Mid-twenties crisis to working as a men’s coach
Aged 25 and felt like I’d ticked all the boxes. I’d exceeded expectations at school and loved my university days – all I needed was a job that paid a half-decent wage and just landed it! I was nailing it, cruising through life. It was as simple as that.
However, once the initial excitement of new employment and a pay cheque or two wore off, I began to feel something wasn’t right. I was left confused. I had everything a mid-twenties gentleman could desire right? As the months passed, my feeling of uncertainty didn’t. On the rare occasion that I was alone (I didn’t like being alone) a dialogue in my head would begin. A voice in my head saying the same thing again and again:
“Something isn’t right here, you're not fulfilled”.
I chose to ignore the message. Survival habits carried over from university helped see to that – dance floors, a heavy social drinking habit, and a sport watching obsession. Distractions that were enough to block out that voice and keep it in shadow. Little did I know the gold that lay beneath.
Then. things externally suddenly shifted. In a matter of week's I broke up with my girlfriend, moved out of my parents, and received news my younger sister was to be facing life-threatening cancer.
‘My world was turned upside down’
I’d been confronted with the realities of life and the mortality of our human experience. I’d no longer take tomorrow for granted.
The unsettling nature of these developments led to my spending more time alone in self-reflection.
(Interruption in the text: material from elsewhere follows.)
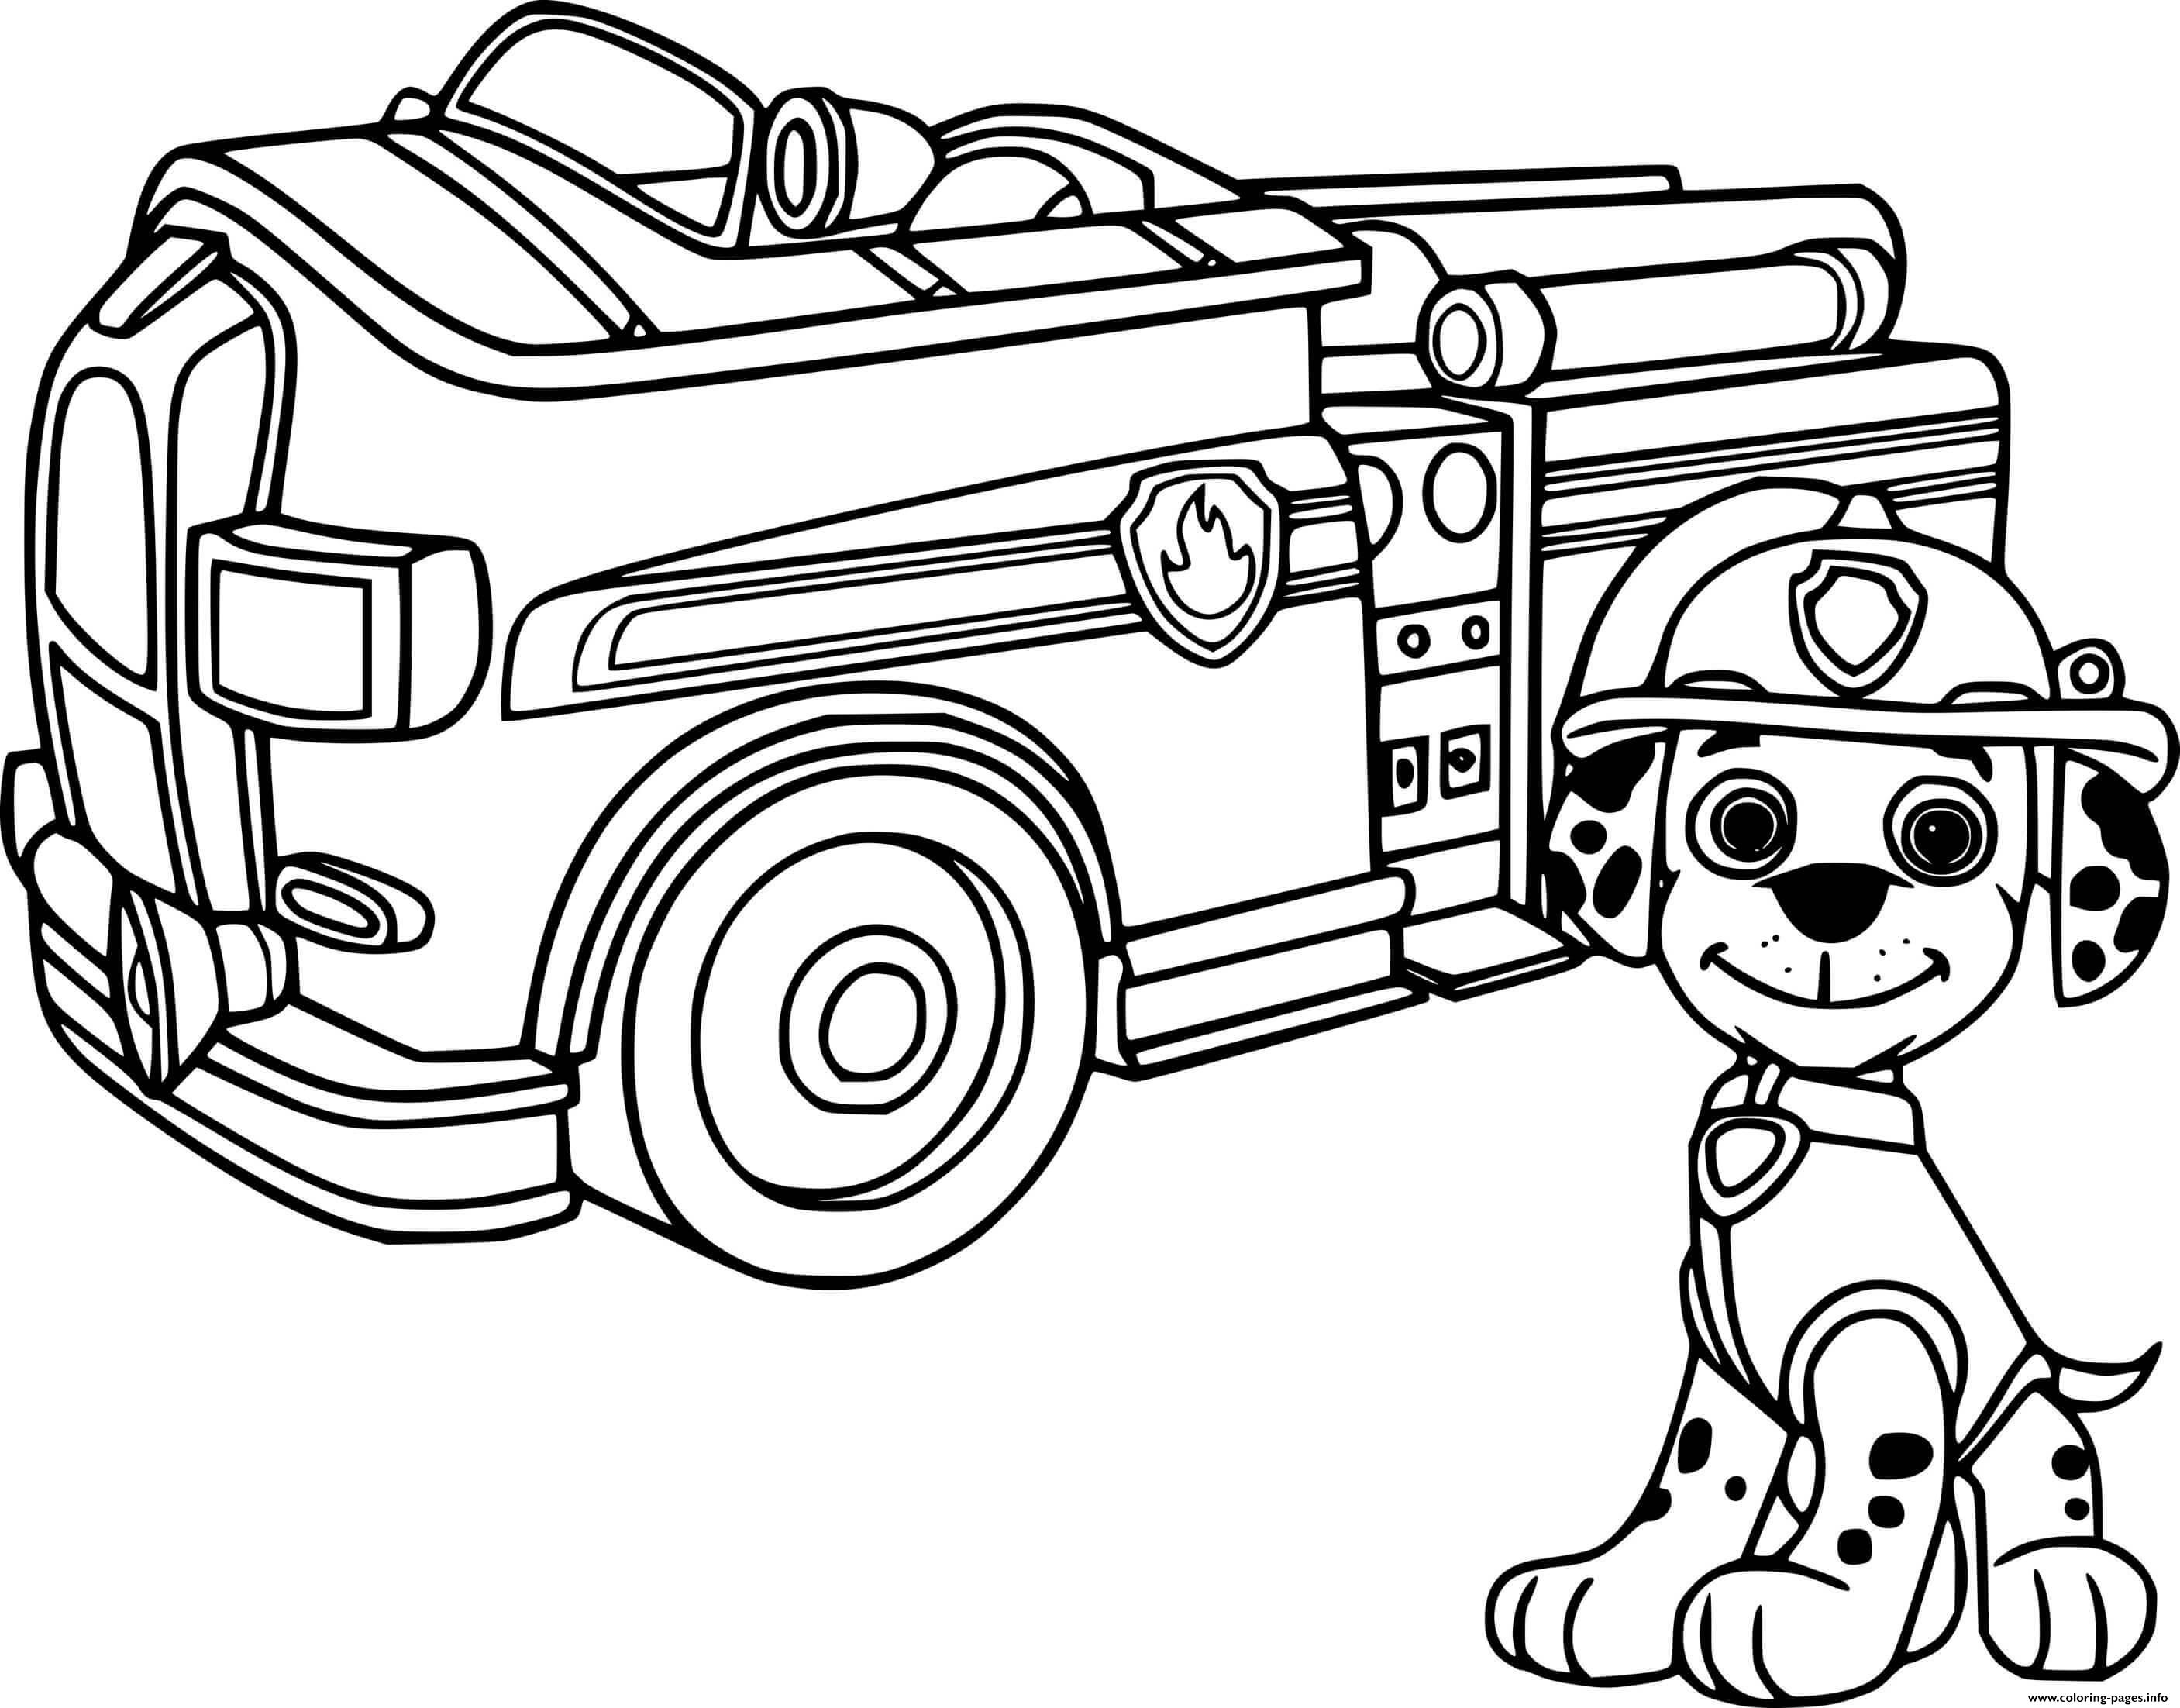 Marshall And His Fire Truck coloring

It was here I started to pay more attention to the message my inner voice was trying to tell me. The truth was I wasn’t fulfilled in my life.
Confusion followed. In response, I was hungry for a personal investigation to understand what was happening to me. What the hell I was going – and why. Being an analyst by trade I decided to start collecting data for a very personal piece of work, my own self-diagnosis. I set up a folder on my laptop called the “life project”.
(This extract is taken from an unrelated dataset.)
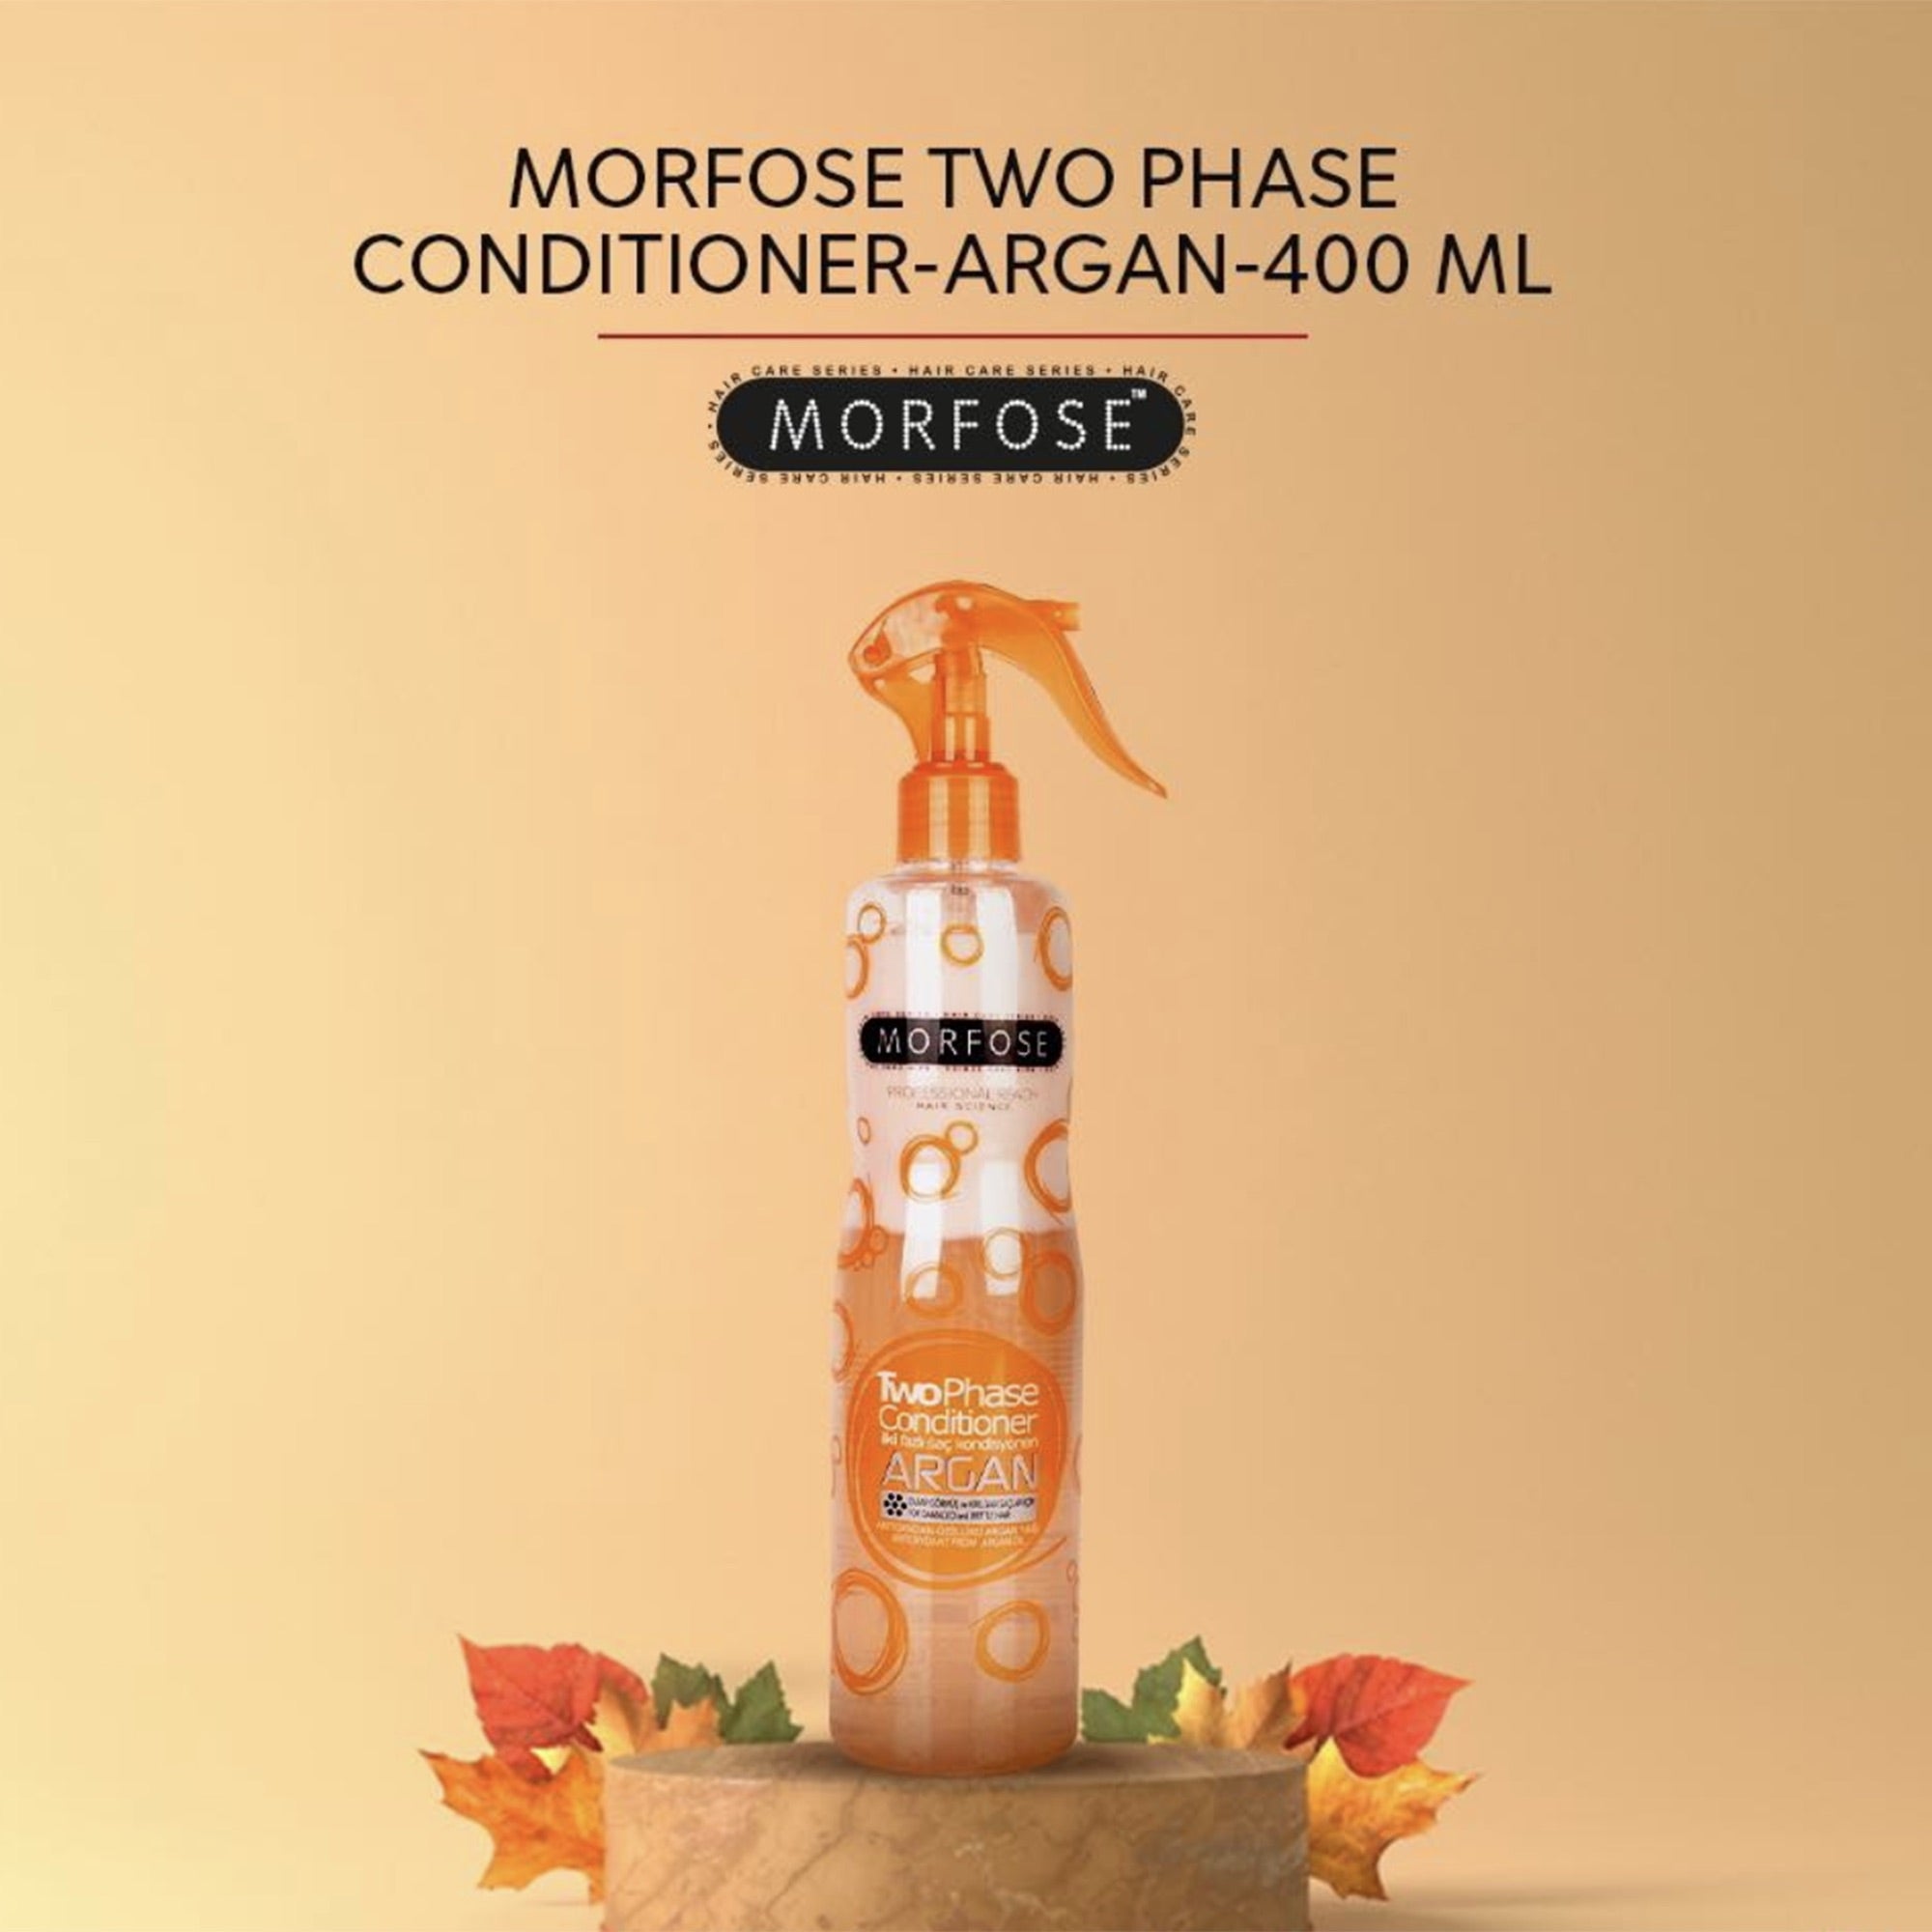 Morfose - Argan Two Phase Conditioner 400ml

The internal exploration work would come in the form of Journaling. The qualitative data set I would then utilise to review, analyse and identify patterns. To add structure I began staging regular monthly reviews and in time yearly reviews. During these sessions, I’d list successes, note patterns (e.g. a damaging inability to say “no” to virtually every request), and areas I wished to improve.
I studied goal setting. Setting myself regular goals, underpinned by self-accountability to weekly and daily tasks. This process generated quantitive data which when coupled with the qualitative results from my journal gave me a rich picture of where I was at.
Working in this way, internally and externally,
‘a great deal of my unconscious was becoming conscious’
I began to unpack and rebuild my life. I was making changes for a new version of myself. Better connected and integrated with who I was at my core.
My “life project” identified a deep desire to travel. Which, with hard graft, became a goal come true as I backpacked solo around the world for a year. On return I landed a secondment working as a youth team leader, supporting 16 to 24-year-olds for The Prince’s Trust charity. The charity supports young adults to re-engage in either full-time employment or education. Completing this work uncovered a natural aptitude for coaching and motivating groups in a classroom environment. At this time in my life, I needed the support of other men and found it in the form of Menspeak men’s groups (www.mensgroups.co.uk). Both of these developments inspired me to continue coaching and create The MAP - Men’s Coaching Service.
Today I have my challenges, but I am fulfilled. I’ve found purpose in the form of coaching men and continue year by year to grow my practice.
For anyone who may be experiencing this time in life, my advice is simple:
‘Don’t drown the pain or ignore the questions’
Keep asking, keep testing, and maybe consider starting a “life project” of your own. For a long period, I chose to go it alone. However, in hindsight engagement with others (be that a coach, mentor, or a men’s group) at an earlier stage would have helped me make some of the required changes sooner.
My mid-twenties crisis was a challenging, confusing, and very lonely time in my life. I now consider it a great teacher, a gift in pointing me towards life my mission, vision, and purpose.